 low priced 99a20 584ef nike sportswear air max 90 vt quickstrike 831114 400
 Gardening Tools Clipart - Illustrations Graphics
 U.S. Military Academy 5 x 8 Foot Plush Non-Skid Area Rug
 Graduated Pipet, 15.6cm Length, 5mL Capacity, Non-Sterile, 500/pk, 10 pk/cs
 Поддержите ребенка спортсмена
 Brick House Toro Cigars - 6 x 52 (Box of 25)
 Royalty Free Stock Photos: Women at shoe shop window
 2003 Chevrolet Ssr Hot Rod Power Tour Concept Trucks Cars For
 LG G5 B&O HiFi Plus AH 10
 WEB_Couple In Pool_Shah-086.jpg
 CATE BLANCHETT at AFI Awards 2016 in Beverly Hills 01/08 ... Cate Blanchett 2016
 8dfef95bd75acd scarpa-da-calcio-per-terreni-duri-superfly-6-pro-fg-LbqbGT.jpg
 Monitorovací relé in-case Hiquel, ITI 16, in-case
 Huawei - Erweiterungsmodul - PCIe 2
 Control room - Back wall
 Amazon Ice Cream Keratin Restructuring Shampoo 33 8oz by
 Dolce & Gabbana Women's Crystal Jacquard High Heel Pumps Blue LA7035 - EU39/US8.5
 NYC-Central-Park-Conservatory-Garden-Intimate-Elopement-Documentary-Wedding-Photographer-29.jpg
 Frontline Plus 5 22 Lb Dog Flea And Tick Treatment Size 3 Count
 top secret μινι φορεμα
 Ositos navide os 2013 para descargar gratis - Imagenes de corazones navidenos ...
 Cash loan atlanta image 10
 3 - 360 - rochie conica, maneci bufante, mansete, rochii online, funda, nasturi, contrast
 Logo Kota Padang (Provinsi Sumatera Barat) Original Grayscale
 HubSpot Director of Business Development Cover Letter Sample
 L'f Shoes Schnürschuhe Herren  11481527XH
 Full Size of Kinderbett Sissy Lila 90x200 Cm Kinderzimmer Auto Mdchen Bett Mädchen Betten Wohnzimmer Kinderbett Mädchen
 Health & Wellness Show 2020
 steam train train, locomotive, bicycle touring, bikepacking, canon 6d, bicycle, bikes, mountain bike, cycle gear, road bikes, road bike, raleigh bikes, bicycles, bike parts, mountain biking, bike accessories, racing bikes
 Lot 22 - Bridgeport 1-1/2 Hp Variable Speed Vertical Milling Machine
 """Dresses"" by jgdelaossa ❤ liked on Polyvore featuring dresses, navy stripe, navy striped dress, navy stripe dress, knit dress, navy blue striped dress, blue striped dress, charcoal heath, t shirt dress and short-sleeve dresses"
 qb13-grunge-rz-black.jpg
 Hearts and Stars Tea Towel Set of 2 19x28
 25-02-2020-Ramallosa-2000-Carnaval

▬▬▬

REQUIRED ACTION = Leave out every line before the one containing "qb13-grunge-rz-black.jpg". Transcribe that line and all lines after it through the end of the data above, exactly.

WRITTEN RESPONSE =
 qb13-grunge-rz-black.jpg
 Hearts and Stars Tea Towel Set of 2 19x28
 25-02-2020-Ramallosa-2000-Carnaval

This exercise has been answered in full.